Das wiederum macht klar, dass diese militärische Waffe direkt auf zivile Strukturen gerichtet ist und deren Funktionieren ausschalten soll, was zwar vielleicht nicht direkt Leben kostet, aber in der Folge durchaus schwerwiegende, auch tödliche Folgen haben kann. Allerdings wäre vorstellbar, dass ein plötzlicher Ausfall von elektronischen Systemen etwa in Krankenhäusern oder im Verkehr auch direkt viele Aus- und Unfälle verursachen kann, die zu Toten und Verletzten führen.

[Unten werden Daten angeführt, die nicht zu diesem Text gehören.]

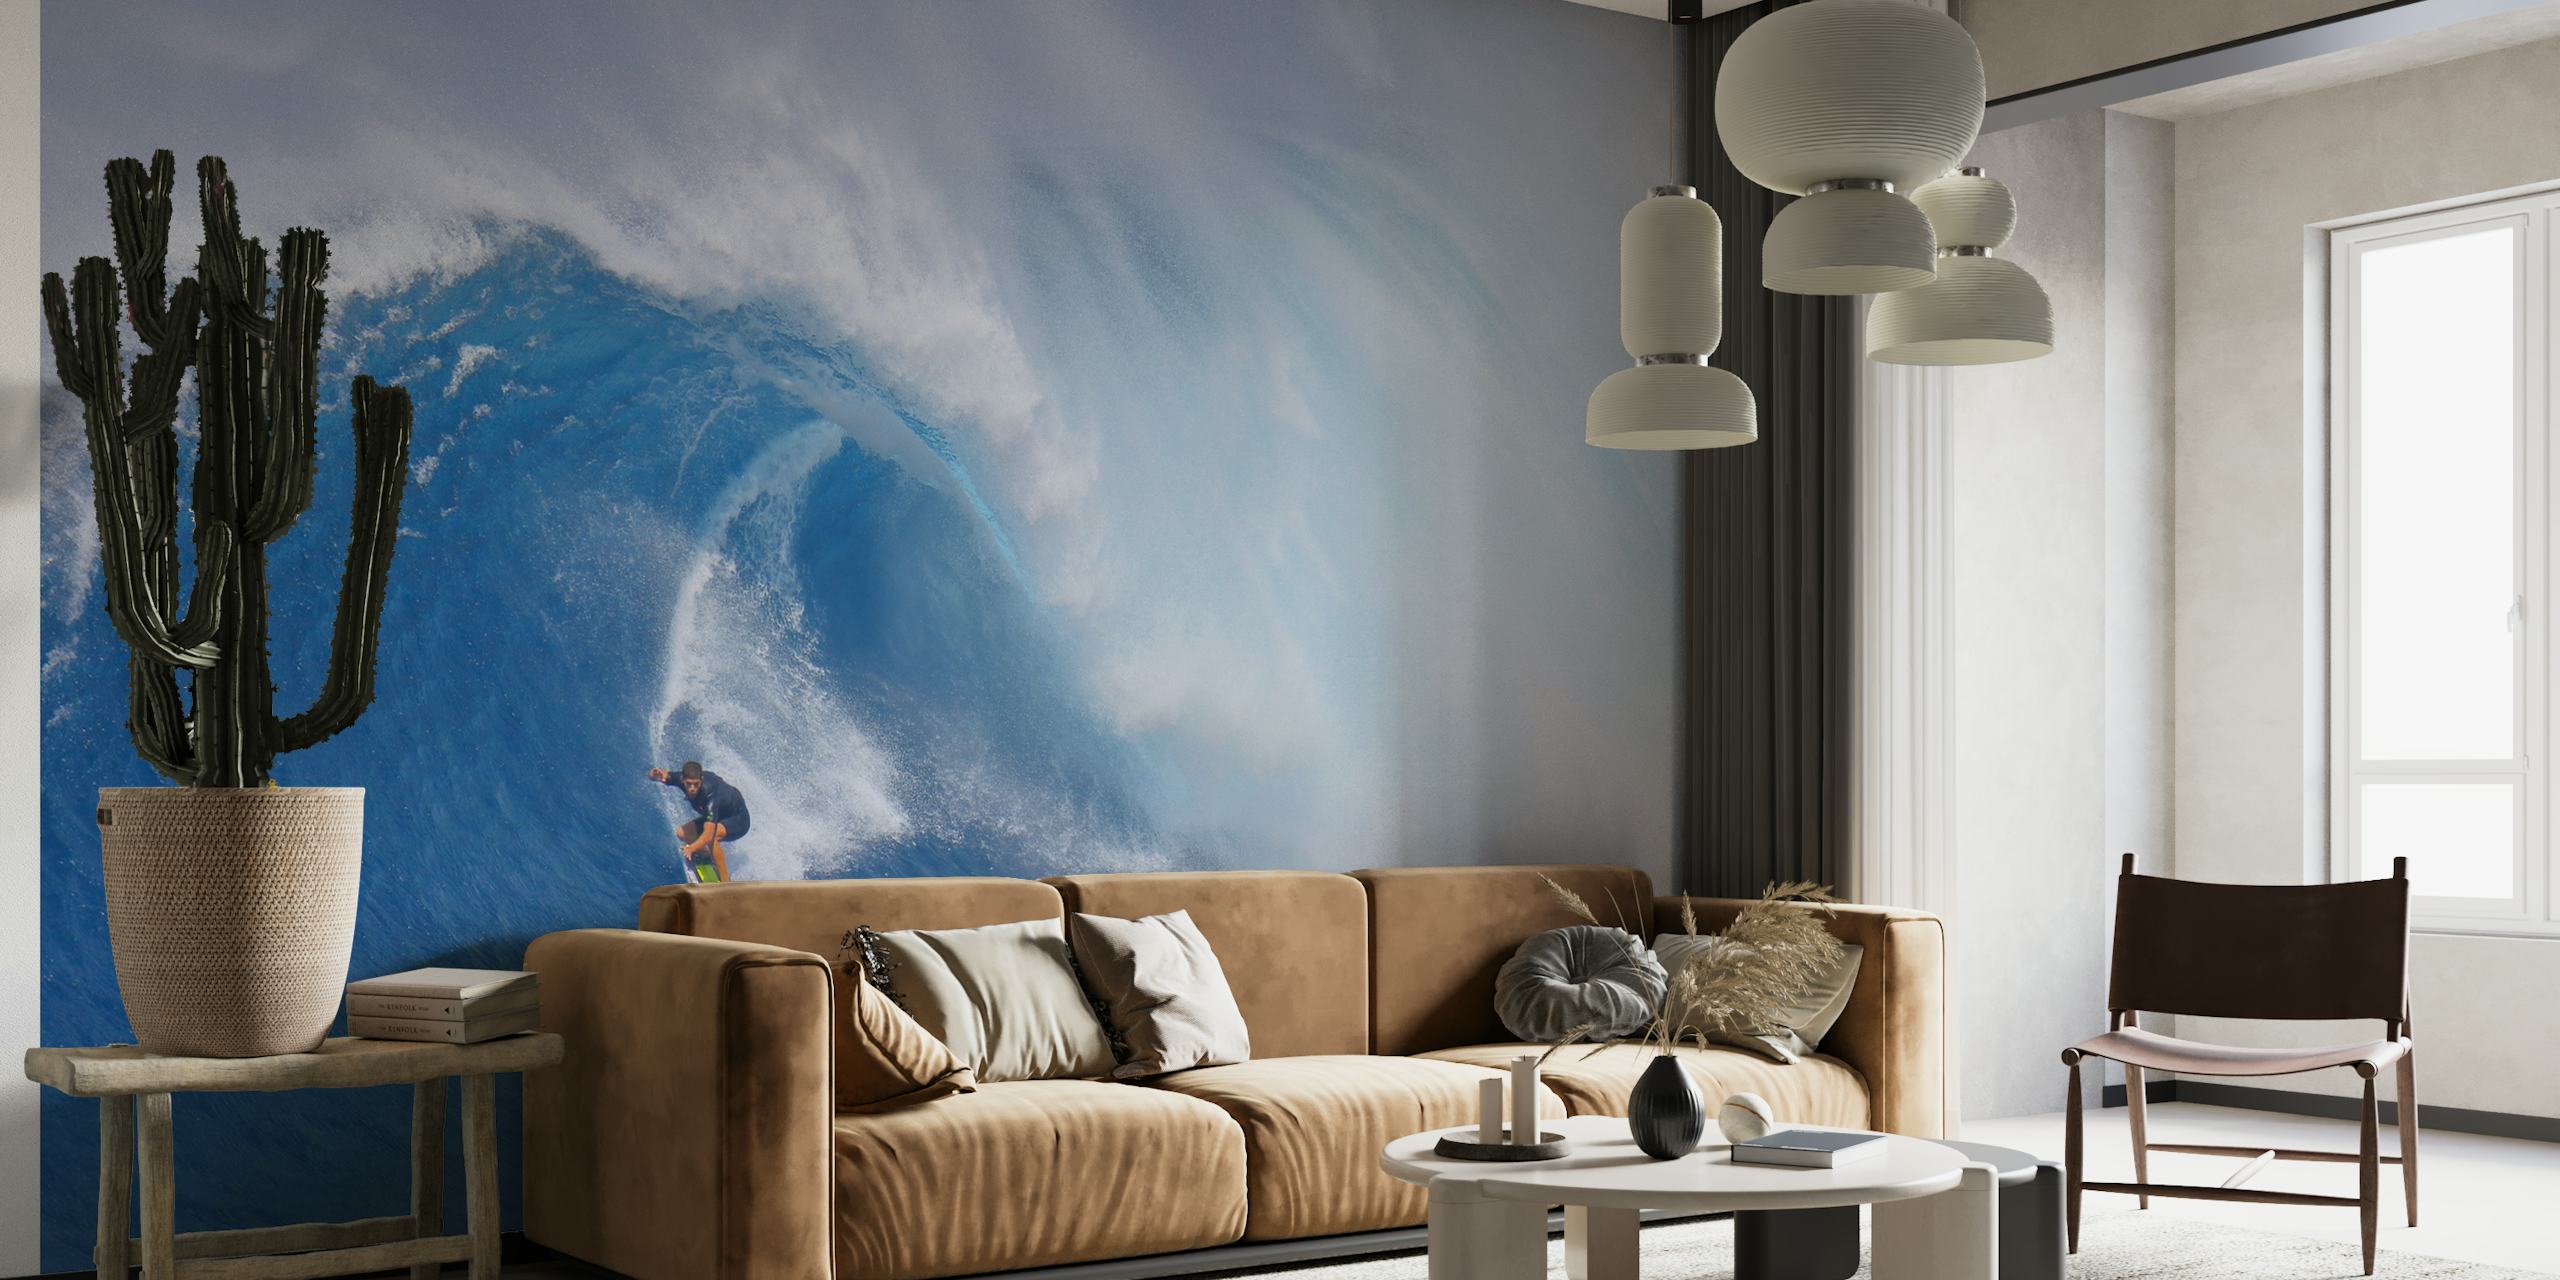 Surfer jaše na golemom valu na zidnoj slici "Surfing Jaws".

Der Einsatz einer solchen Munition gegen zivile Ziele dürfte ein Kriegsverbrechen darstellen. Das interessiert allerdings wie die Kriege in Afghanistan und Syrien zeigen, sowieso immer weniger. In der Ausschreibung wird das nicht explizit behandelt, es wird nicht einmal eine technische Richtung vorgeschlagen, aber es wird davon ausgegangen, dass es sich um Präzisionsmunition, ausgestattet mit Elektronik für „nicht-kinetische Effekten (NKE) handelt, die in die Nähe des Ziels geschossen werden kann, um so „das geografische Ausmaß der betroffenen Systeme zu beschränken und die allgemeine Wirkung auf das elektromagnetische Spektrum zu reduzieren“.